Scotia watched as her cousin and her sister did things she would never be able to do. They prepared for battle in their own ways, not warriors with sword and shield, but warriors all the same. Scotia knew she would never be a warrior of any sort.

She was still trying to understand what Duncan and Jeanette had said to her, that she had not been responsible for letting the spy get to her mum. Even if she had not caused her mum’s death, the belief that she had and the guilt that came with that belief had changed her, moving her in a direction she never would have imagined, filling her with pain, and hatred, and a need to see vengeance done.

That need for vengeance had driven her to seek out the English on her own, which had put Myles directly in danger and had cost him his life. He had died right next to her, and she had not even been allowed to give him comfort as he did. That lay heavy on her conscience too, turning her in yet another direction—preparing herself for battle so she would never put another warrior in a position to protect her when she should do that herself.

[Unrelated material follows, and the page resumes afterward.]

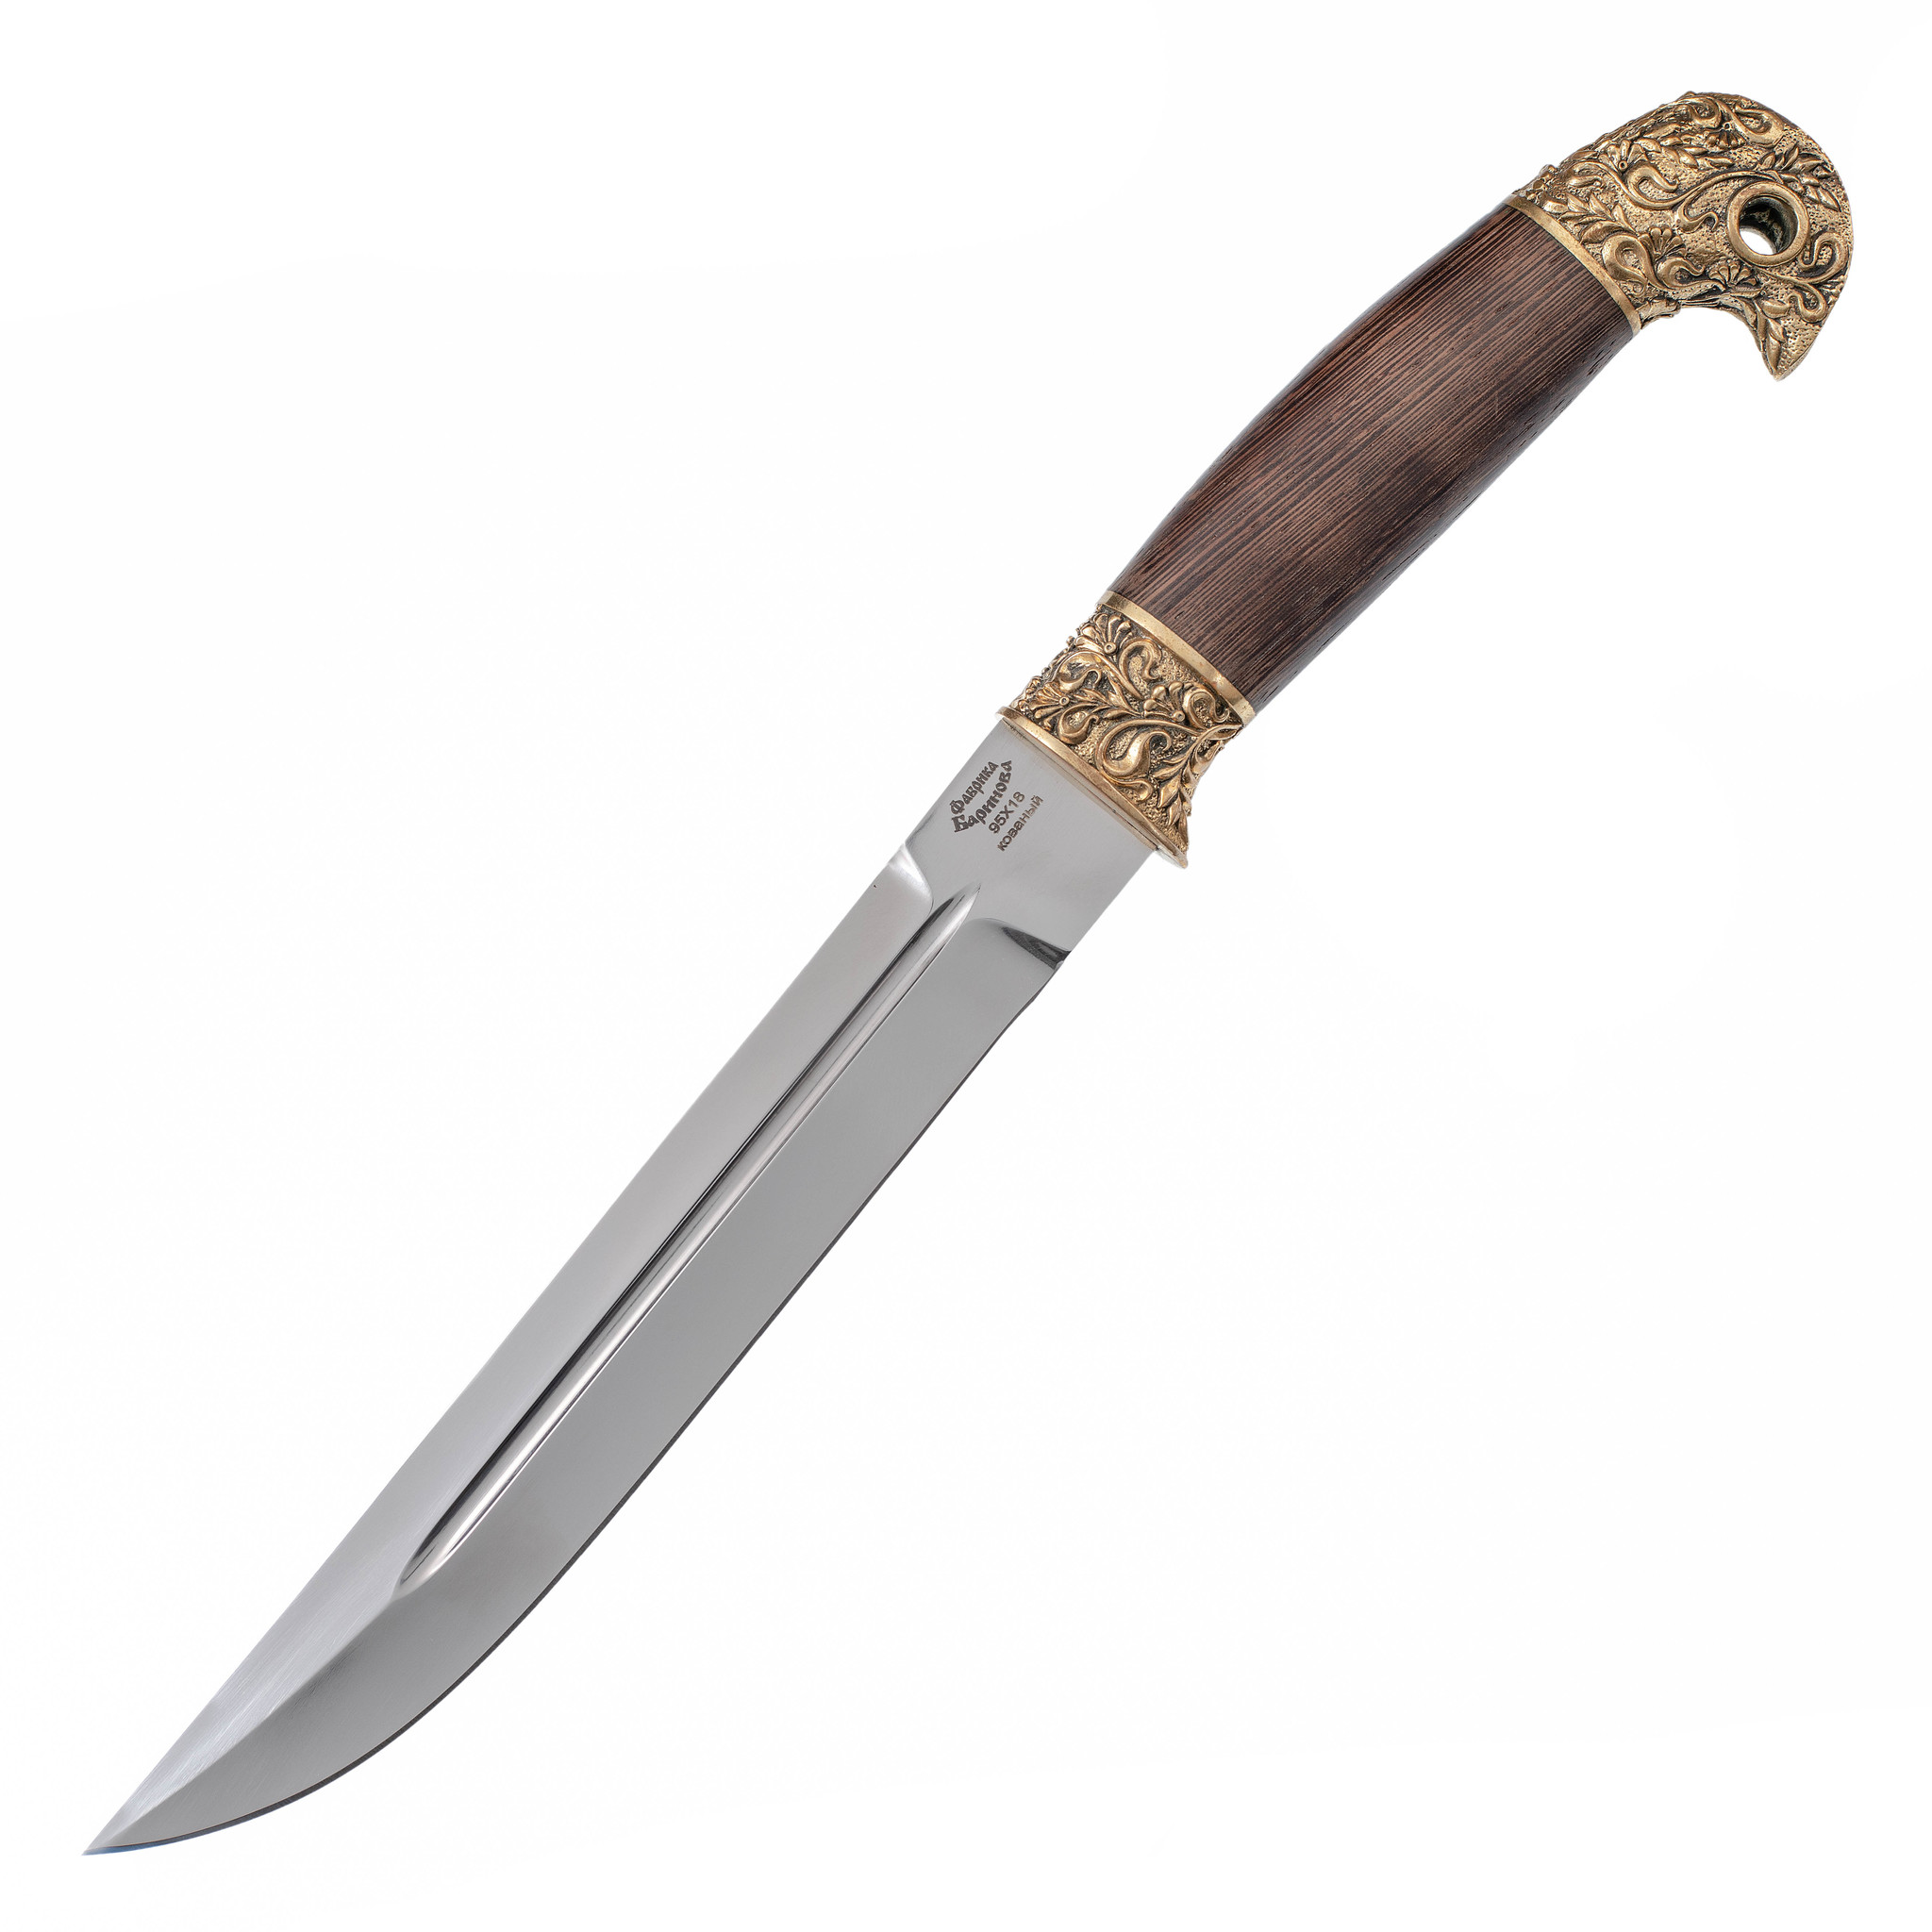 Нож Пластунский Ш-2, сталь 95х18, художественное литье, рукоять венге нож туристический аир засапожный 1 сталь 95х18 рукоять кожа

Two deaths. Two times her world was broken and put back together in a new way ...

She looked at the ermine sack that lay on the ground between the Guardians.

Twice broken ... like the arrow on the sack and on the Story Stone. Was it possible? But if she was meant to be the third Guardian, if the twice-broken arrow really was her symbol, then why had the Targe not claimed her the day at the Story Stone, as Jeanette had been claimed when she found her mirror symbol on the grotto stone?

And then Scotia realized she knew the answer. She was not worthy to become a Guardian. Not then, but now? Now that she understood the things she had done wrong, the things the fear and hatred in her heart had led her to do, the things that she had admitted to and taken responsibility for, now would she be worthy?

If she was, it would mean they had yet another Guardian to help protect the clan and the Highlands. If she was, would her gift ofknowingbecome stronger? Would she be able to use it at will? ’Twould make her gift an even more formidable weapon against their enemy.

And if she was not worthy? That would be yet another thing she would have to take responsibility for, for if she was not worthy, ’twas no one’s fault but her own, and the clan would be the one to suffer for her failures. She could not bear to let anyone else suffer because of her.